Monday, May. 20, 1929
Ill Winds
Through the Senate last week ill winds whined and whistled for the Hoover administration. Consideration of the farm relief bill drew to a close. The Senate's Republican Leader, Senator Watson of Indiana, appeared on the floor in mourning. "When I go to a funeral, I dress for it," he explained with a liverish smile.
Debentures In. Trouble began when the Senate voted 47 to 44 to retain in the bill the Export Debenture Plan, ten objections by President Hoover notwithstanding (TIME, April 29). The line of cleavage on this vote proved two things; 1) The Hoover 1928 victory in four Southern States carried no weight in the Senate where Democrats (with two exceptions) joined solidly against him and for the Debenture Plan; 2) The nine-year coalition of Democrats and Progressive Republicans still held a whip hand over major legislation, despite the G. O. P.'s paper majority of 17 votes.
The House, always jumpy about its constitutional prerogatives, stirred with plans for refusing to accept the Senate's farm bill, for refusing even a conference to reconcile differences between it and the House's measure. The Constitution gives the House sole power to initiate revenue legislation. Many a House leader considered the Senate's Debenture plan a revenue item because it would affect tariff income. The Senate countermoved by planning to insert the Debenture Plan in the Tariff Bill when that comes up from the House (see col. 2).
Salary. Secretary of Agriculture Hyde had suggested that the salary of the chairman of the proposed Federal Farm Board be left to the President to fix, on the ground that he could thus obtain the services of a "high-powered" man who could be induced to take this job without financial sacrifice. The House bill authorized presidential leeway. So did the Senate bill until last week, when the Senate, a suspicious body, voted 46 to 32 to hold the board chairman's salary down to $12,000. Alarmed Senators claimed the President should not have such power, warned that he might fix the chairman's salary at as much as $50,000 per year in his effort to get the man he wanted.
"Mutt Psychology." Just before the vote, California's Senator Hiram Johnson arose, pulled down his waistcoat, rattled off a fast-stepping speech which, beneath the ridicule, epitomized the Senate's opinion in favor of Debentures. His fists moved back and forth characteristically as he conceded the debenture was a "bounty" and asked, "What of it?"
His points were: 1) The farm bill, with its board and its money, will put the Government farther into business than ever before "if it means what it says"; 2) It implies "price-fixing . . . barter and sale, buying and borrowing" by the U. S.; 3) To accept the bill's generalities and gag at its only concrete feature--the Debenture Plan--was "nonsense."

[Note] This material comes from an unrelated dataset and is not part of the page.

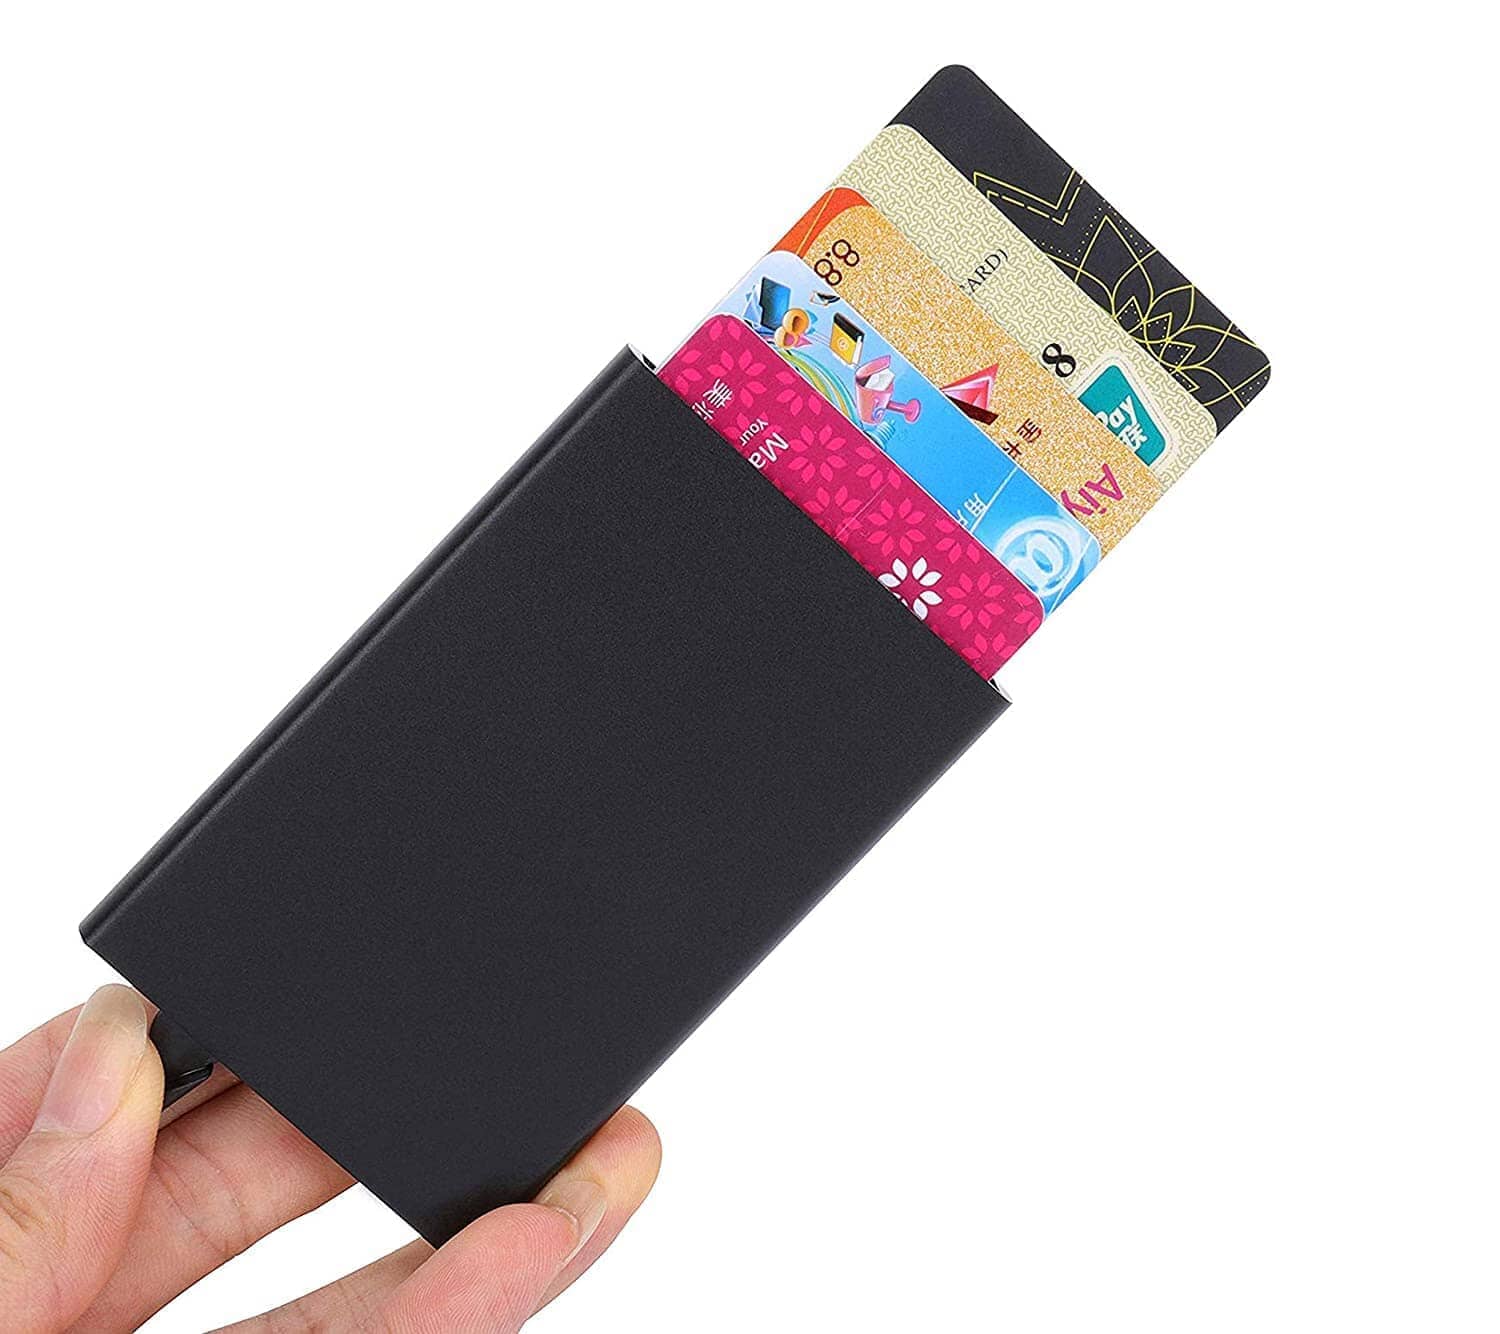 Smart Card Wallet - RFID Blocking Anti-Theft ( Buy 1 Get 1 Free )

Shouted Senator Johnson: "Bellowed from the hustings, tintinnabulated over the radio, ululated from a servile press . . . has come the objurgation 'Agriculture must be placed on an equality with industry'. . . . There is a peculiar mutt psychology existing in this land today. Press, pulpit and politician unite in influencing it. ... Those of us who in- dulge in mystery stories have read of authors who endeavored to paint the perfect crime. None has ever succeeded. We have, however . . . something of the perfect conspiracy of press, pulpit and poli- tician, exercising its sway over a mutt psychology . . . putting over exactly what that conspiracy . . . desires. . . .
"This, sir, is the moronic era of the age of 'bunk.' It is an era, sir, in which I am perfectly willing to recognize I am culpable with others, but at least I am different from some others in admitting it, and I can yet laugh. . . .
"The whole question is, Do you mean it [the farm bill's implication] or do you not? If you mean it, kiss good-by to the old platitude of not taking the Government into business; kiss good-by forever the old dogma . . . that we should never permit the Government to do anything for its people that private initiative or private endeavor may do and make a profit out of."
"Pseudo-Republicans." Idaho's ursine Senator Borah campaigned for Candidate Hoover, voted against President Hoover on the Debenture Plan. Ohio's fussy Senator Fess who supported President Hoover in the Debenture vote but would not trust him to fix the salary of the Farm Board chairman, took this occasion to upset G. O. P. harmony by issuing, in a letter to an Ohio constituent, a broadside against those Republicans who had failed the President on the farm issue. Wrote Senator Fess:
"The President had been led, through Senator Borah and other pseudo-Republicans, to promise a special session. . . . Borah and his crowd argued that it would not be fair to Hoover [to enact farm legislation at the last short session].... The Senate's vote . . . means a complete coalition between the Democrats and insurgents . . . also that we are in session for all summer."
"Pseudo-Pride." Great was Senator Borah's annoyance at this Fess slap. He issued a formal retort:
"In the support I gave Mr. Hoover, I did not get the idea that I was to be deprived ever afterward of voting upon public measures in accordance with my own views. . . . Only a base class of intellectual slaves would entertain or promulgate such an idea. . . . There is no difficulty about such matters . . . among gentlemen of self-respect or intellectual integrity or of the slightest sense of intellectual responsibility. There are two classes of politicians . . . the individual who barters his vote for gain, for money . . . the other who holds his convictions, his conscience at the disposal of someone he looks up to as a political superior with a possible power to advance his interests. . . . Mr. Fess hastens with impatient pride to devote all kinds of bounty in the way of high duties to manufacturing interests but recoils with pseudo-pride from extending the same principle to the [farm] producers."